Marching along with the Mexican Army in the parade were representatives of the Military Order of the Loyal Legion of the United States (the hereditary organization of Union officers formed to prevent a coup against the U.S. government, immediately after the assassination of Abraham Lincoln), and the Sons of Union Veterans of the Civil War (the successor organization to the GAR—Grand Army of the Republic).

The Loyal Legion's announcement of the delegation stressed the impact of the Battle of Puebla on the U.S. Civil War. "Some historians have argued that France's real goal was to help break up the American Union... The Mexicans had won a great victory that kept Napoleon III from supplying the confederate rebels for another year, allowing the United States to build the greatest army the world had ever seen. This grand army smashed the Confederates at Gettysburg just 14 months after the battle of Puebla."

Some essential background: Britain and France had been conspiring since the outbreak of the Civil War, to try to destroy the United States by directly supporting the southern rebellion, and by using Mexico as a flanking operation against Lincoln. In 1862, Earl Russell, the British Foreign Secretary, and Lord Palmerston, the Prime Minister, cooked up a scheme to propose mediation between the North and South, on the assumption that the North would refuse, providing a pretext for European recognition of the South as an independent nation. The Union repulsion of the Confederate forces at Antietam in September 1862, followed by Lincoln's Emancipation Proclamation, rendered the Russell-Palmerston plan impossible to carry out, because of popular support for the Union and opposition to slavery, among the British population, especially the English working class.

Meanwhile, in 1861, Britain, France and Spain had agreed on sending their navies to attack the Republic of Mexico, to overthrow the Republic and install as their puppet, the Hapsburg Prince Maximilian, who would then draw the Confederacy into the French-Hapsburg Empire. The pretext was to collect debts incurred by Mexico during its civil war. Britain and Spain settled for payments offered by Mexican President Benito Juarez, but France went ahead and invaded, despite Lincoln's warnings. Napoleon III's army landed in Veracruz in 1861, and prepared to move toward Mexico City to capture the capital and overthrow the government.

On May 5, 1862, a Mexican army of professional and citizen soldiers inflicted a major defeat on a 6000-man French army. The French were forced to regroup, and it took another year to finally occupy Puebla with a much larger force, and then move on to eventually occupy Mexico City. Juarez kept his government intact while moving it around in Mexico in order to survive.

During the same time, the British- and French-backed Confederate forces undertook their second invasion of the North, which was halted at Gettysburg on July 3, 1863, with the ill-fated "Picket's Charge."

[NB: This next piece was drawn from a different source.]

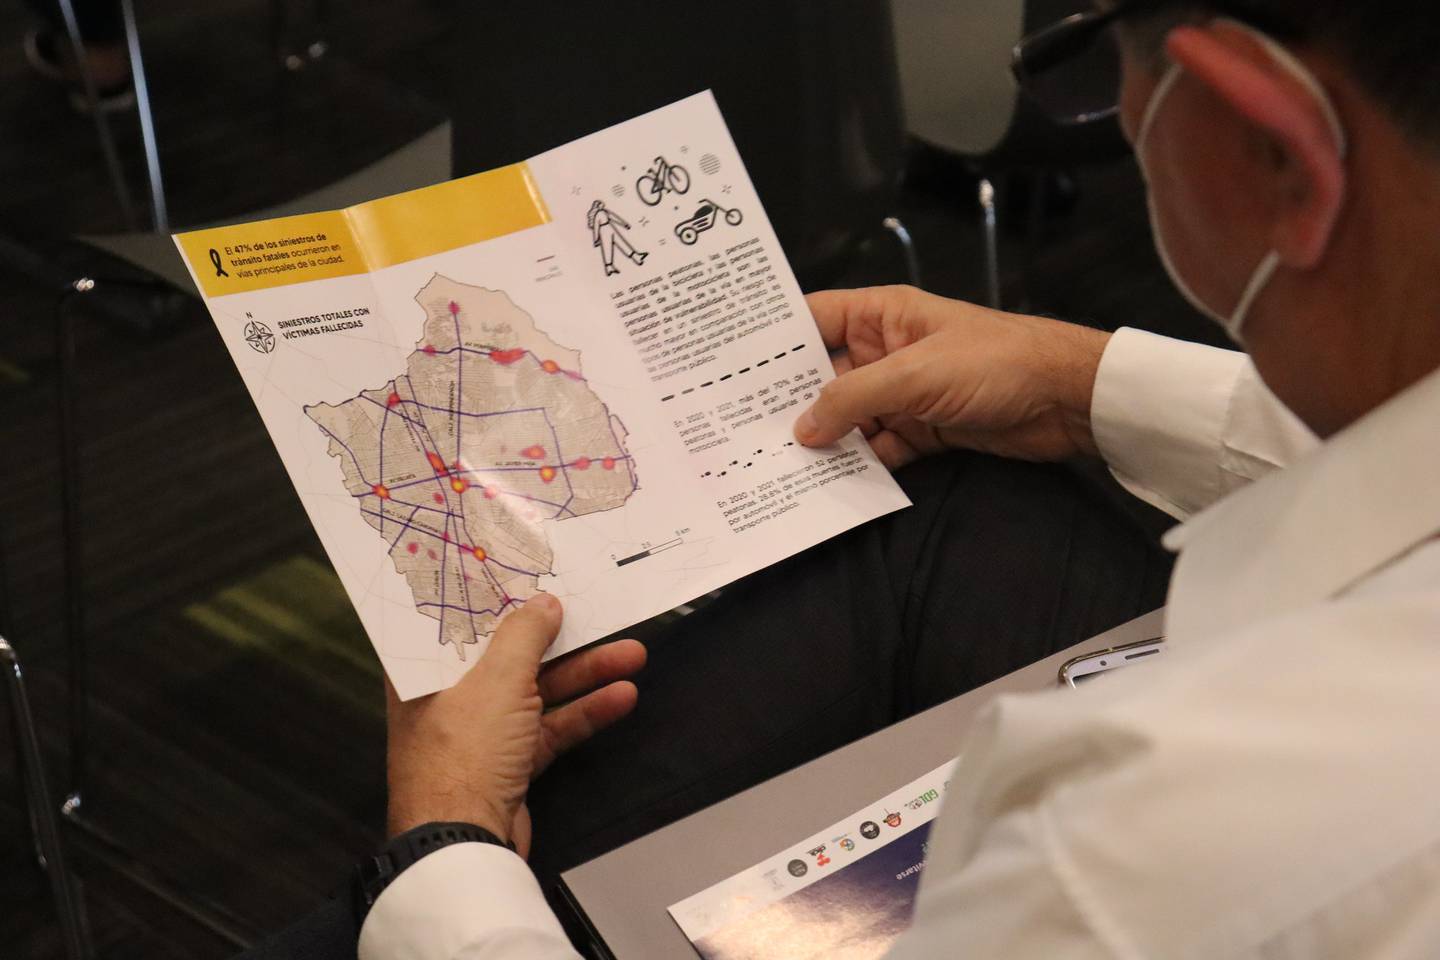 El reporte presentado por el ayuntamiento de Guadalajara no sólo incluye datos de las autoridades viales, sino de otras fuentes como ONG’s

As is reported in the current issue of the Loyal Legion Historical Journal: "Had the confederate artillery been fully supplied with modern and high-quality French munitions and guns, and highly compacted Union lines could have been severely hit and weakened, and it would have given a real opportunity for a successful charge and a different outcome of the Battle of Gettysburg, and possibly set the stage for the victory needed by the Confederate States of American to gain diplomatic recognition by the European Powers and the military support that this implied."

At the end of the U.S. Civil War two years later, General Phil Sheridan took 100,000 Union soldiers the Mexican border as a show of force against Maximilian and France, and the U.S. also provided modern weapons and military equipment, including medical equipment. In recognition of Juarez's role, he was made an honorary member of the Loyal Legion.

UCLA professor David Hayes-Bautista has recently shown that the first Cinco de Mayo celebrations were actually held in the southwestern United States starting in 1862, among pro-Union Hispanics inspired by the victory at Puebla, and after the Civil War, veterans of both the Mexican and Union armies joined in these celebrations.